There was no difference of Ct value or peak RFU between the inconclusive results from COVID-19 and non-COVID-19 cases. Thus, the analysis of amplification curves of the positive target genes was not helpful to distinguish inconclusive results due to low viral load in COVID-19 from false positive in non-COVID-19 patients. Therefore, inconclusive results in non-COVID-19 patients or newly diagnosed patient required confirmatory retesting. Nevertheless double gene positivity raises suspicion that it may be COVID-19, because all false positives are obtained with a single gene. Thus, testing three target genes in a multiplex PCR system such as Allplex could be advantageous.
Our study has some limitations. First, this study was carried out with a small number of COVID-19 patients. Therefore, further study is required with more COVID-19 cases to assess the risk of various potential cause of inconclusive results, such as mutation of target genes. Secondly, only specific lot or shipment of assay kits was noted as a source of the inconclusive results in other than COVID-19. To complete quality control plan, the risk of laboratory contamination or technical failure to detect all positive target genes should be assessed in own SARS-COV-2 rRT-PCR system of each laboratory.

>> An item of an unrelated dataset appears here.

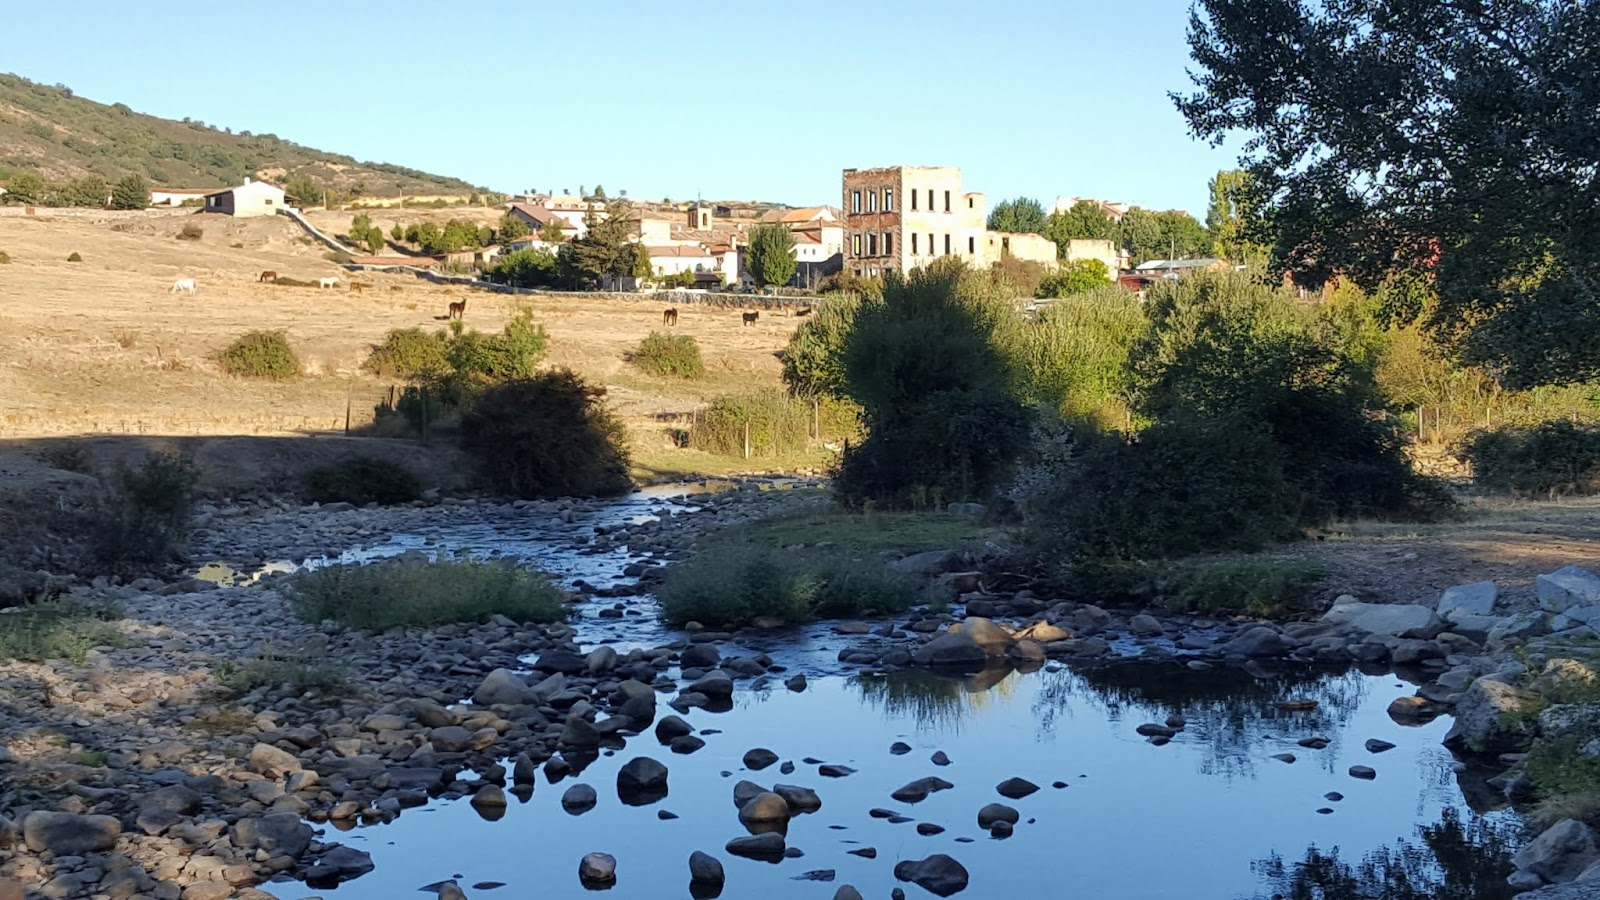 Granja de San Ildefonso

In conclusion, inconclusive results could derive from the natural process of deceasing in viral load in COVID-19 patients, while they mostly represent false positives in non-COVID-19 patients. Therefore, we suggested the guidance for reporting inconclusive results that it could be reported as inconclusive without retesting in confirmed COVID-19 patients, but should be retested for non-COVID-19 patients or newly diagnosed patients.